# What is needed:
Copy the listing below exactly. Pictures stay out of it.

# Dataset section:
· · ·

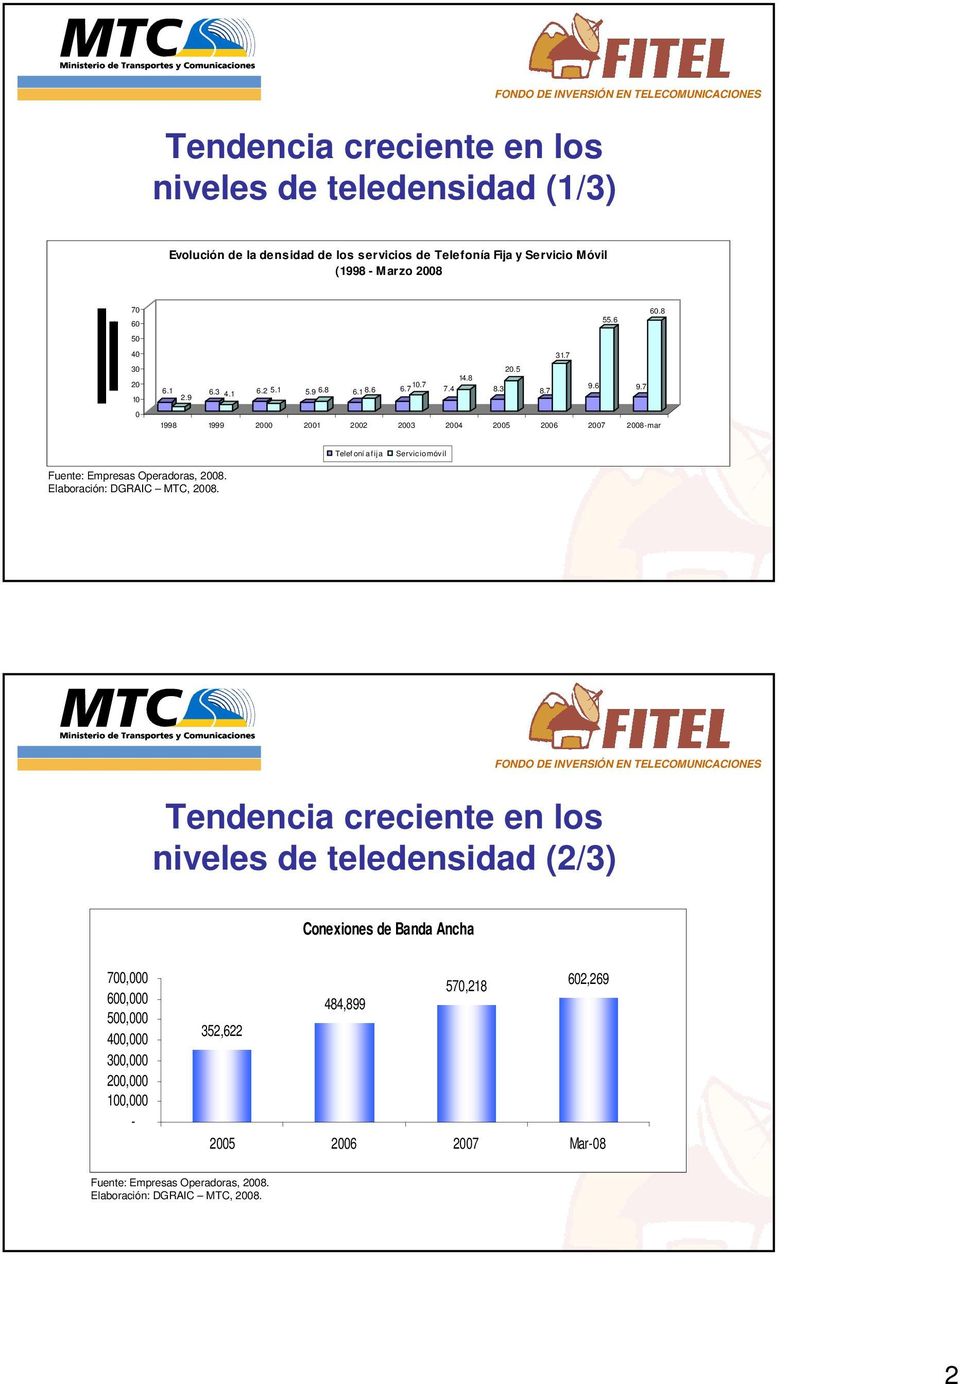 7 0 1998 1999 2000 2001 2002 2003 2004 2005 2006 2007 2008-mar Telef oní a f ija Servicio móvil Fuente: Empresas Operadoras, 2008. Elaboración: DGRAIC MTC, 2008.
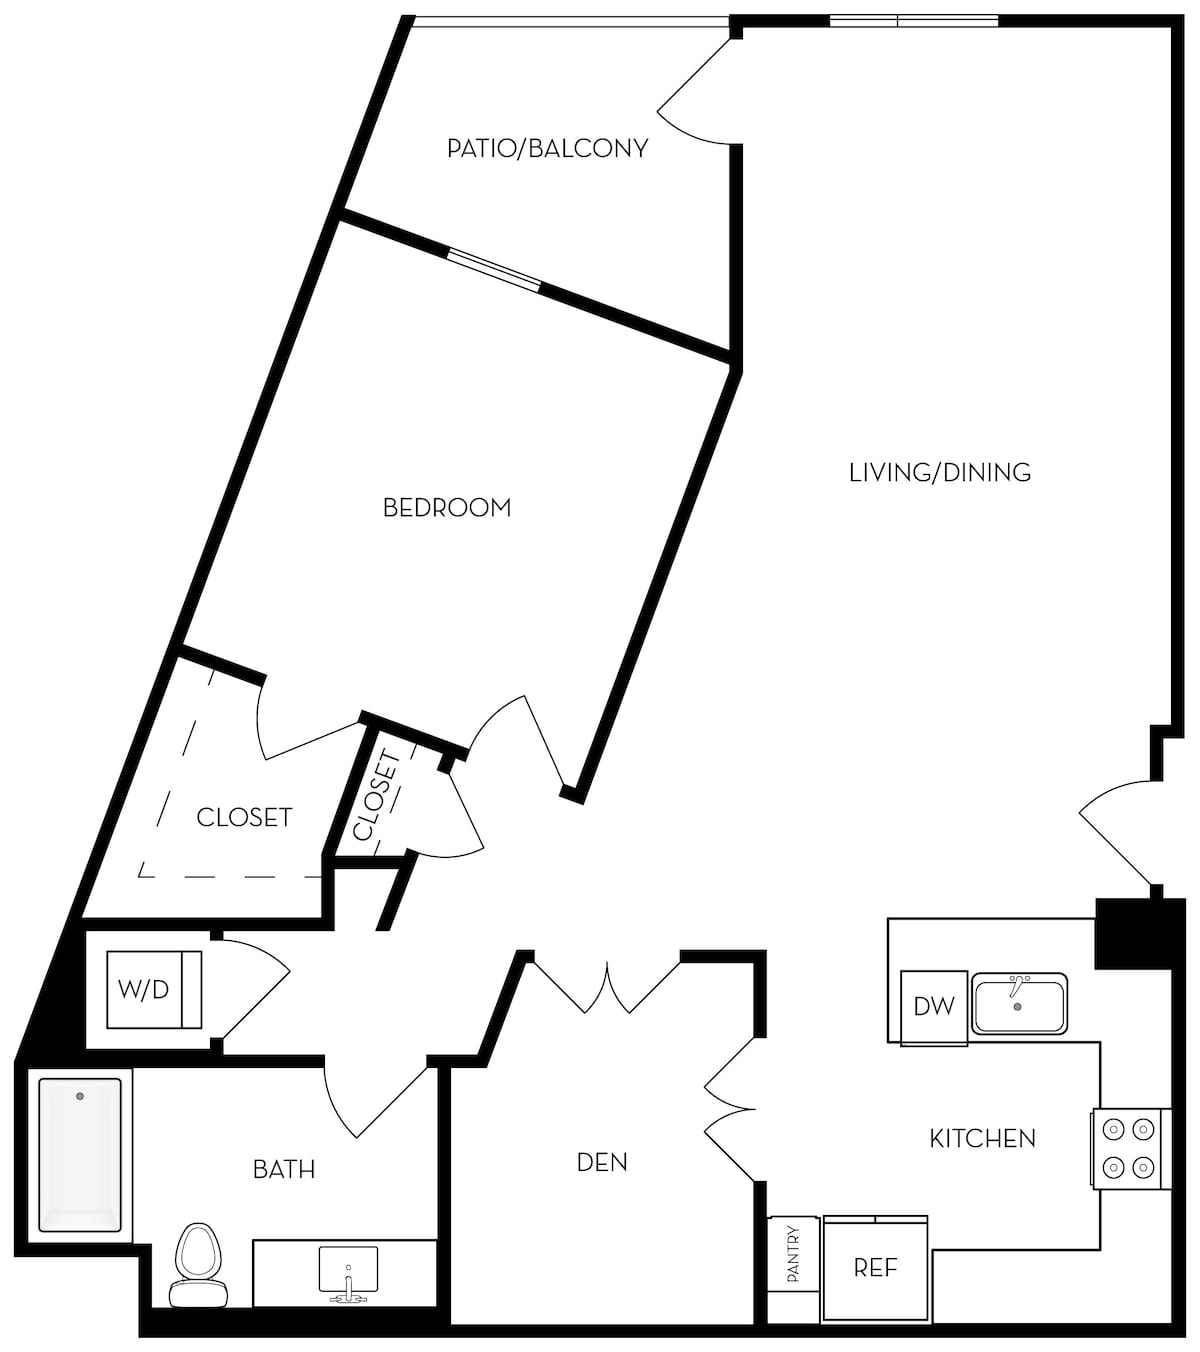 Floorplan diagram for A5d - 1BR 1BA Flat + Den, showing 1 bedroom
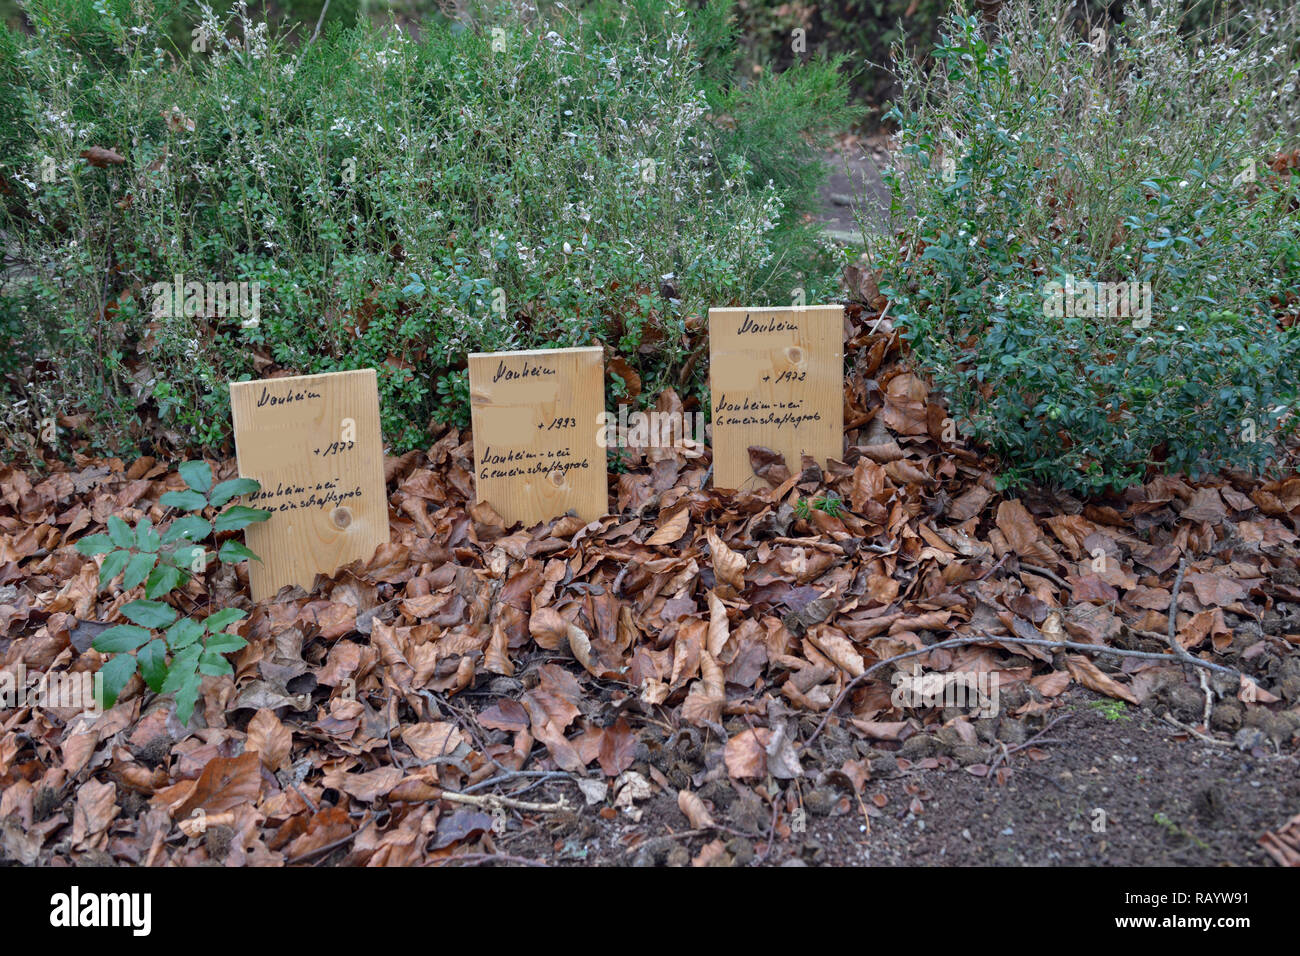 Kerpen-Manheim, Dezember 2018: In memoria alla reburied tombe del vecchio cimitero di Manheim per dare luogo per l'estensione della superficie di lignite Foto Stock

· · ·

# Response:
 7 0 1998 1999 2000 2001 2002 2003 2004 2005 2006 2007 2008-mar Telef oní a f ija Servicio móvil Fuente: Empresas Operadoras, 2008. Elaboración: DGRAIC MTC, 2008.
 Floorplan diagram for A5d - 1BR 1BA Flat + Den, showing 1 bedroom
 Kerpen-Manheim, Dezember 2018: In memoria alla reburied tombe del vecchio cimitero di Manheim per dare luogo per l'estensione della superficie di lignite Foto Stock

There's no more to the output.